A lot of wages were sticky and even though unemployment was very high, a lot of people still had jobs.  Those that kept their jobs and whose wages weren't cut had a 31% raise over this period.  Cash in a mattress had a 31.5% return.

The National Bank of Sealey was the hot investment of the time.  Some of the virtues of that generation -- avoid debt, avoid risk, save (hoard) cash, was an attachment to the winning strategy of the decade.  

For everyone waiting for deflation, remember that we have a Fed Chairman that has written extensively about doing anything to avoid deflation.  We have hedge fund guys running Treasury.  And we have people lined up to loan them money like people were begging for shares in the ipo of pets.com.  The 10 year is at a 50 year low.  

This December, the Social Security COLA is 5.8%.  If we have 10% deflation, like the 30's, they get a 16% raise in real benefits.  Now some of this really needs to happen, since food and energy were ignored in the official CPI.  This is simply unmeasured inflation unwinding.  

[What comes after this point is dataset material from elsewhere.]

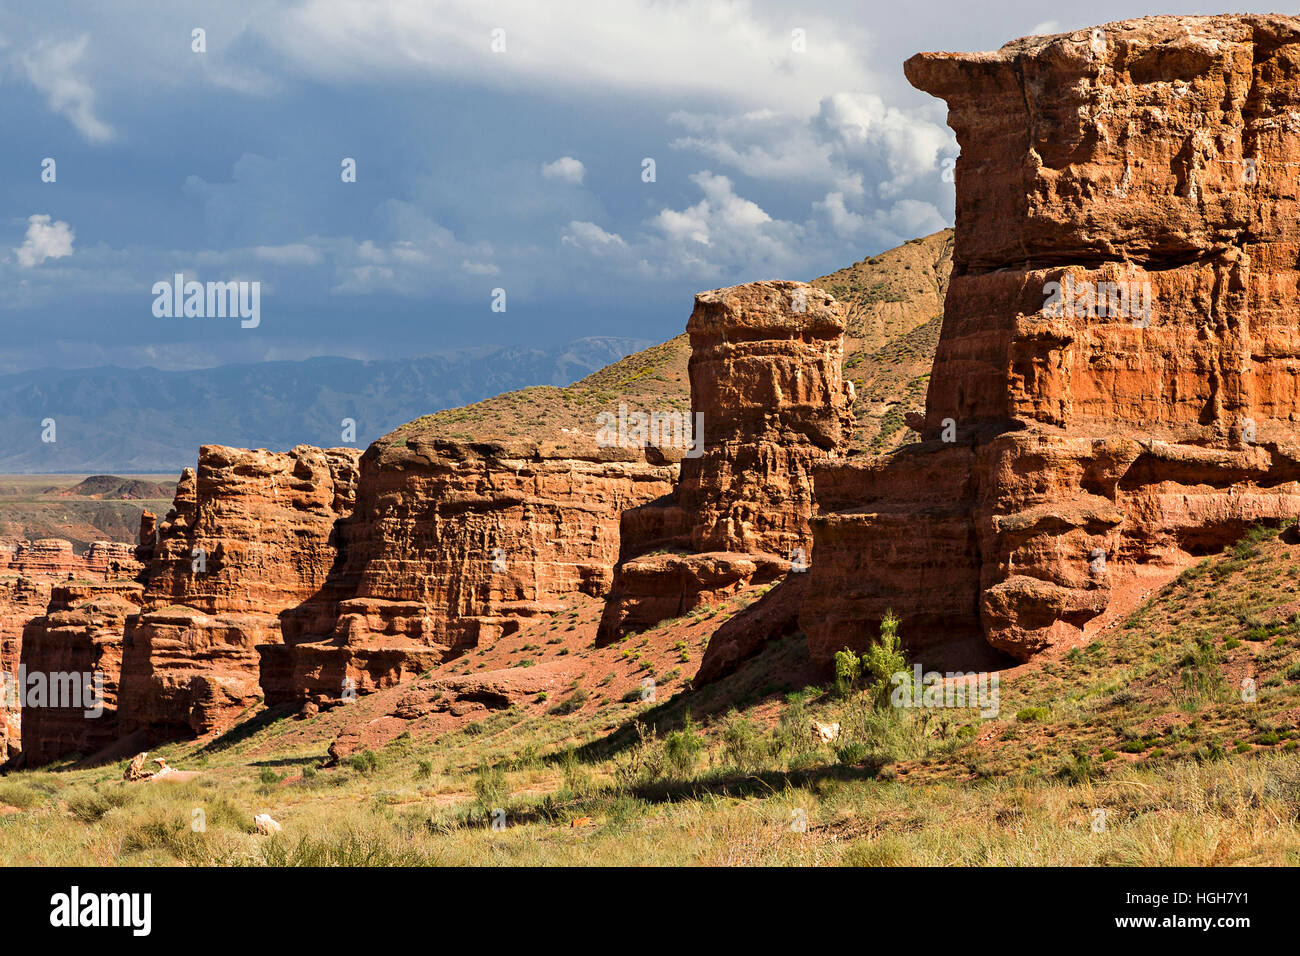 Canyon auezov et la vallée des châteaux connus sous le nom de Grand Canyon du Kazakhstan Banque D'Images

Remember the Andy Hardy movies?


Dad was a judge.  A government employee.  And they always had a maid and a cook and seemed pretty prosperous.  Sure it was just the movies, but not much more of a distortion then the migrant photos.  

The point of this being that I don't see people on a fixed income getting a 30% increase in real benefits over the next three years.  I don't see hoarded cash earning 30%. 

I do see the Treasury borrowing money under 3% for 10 years and people are having a hard time counting the ways that we will employ fiscal stimulus.  I also see the Treasury being run like a hedge fund, with positive carry on all the bailed out assets, which have pretty decent haircuts.  Plus a lot of equity kickers.  

I don't want to be lending to the hedge fund of last resort.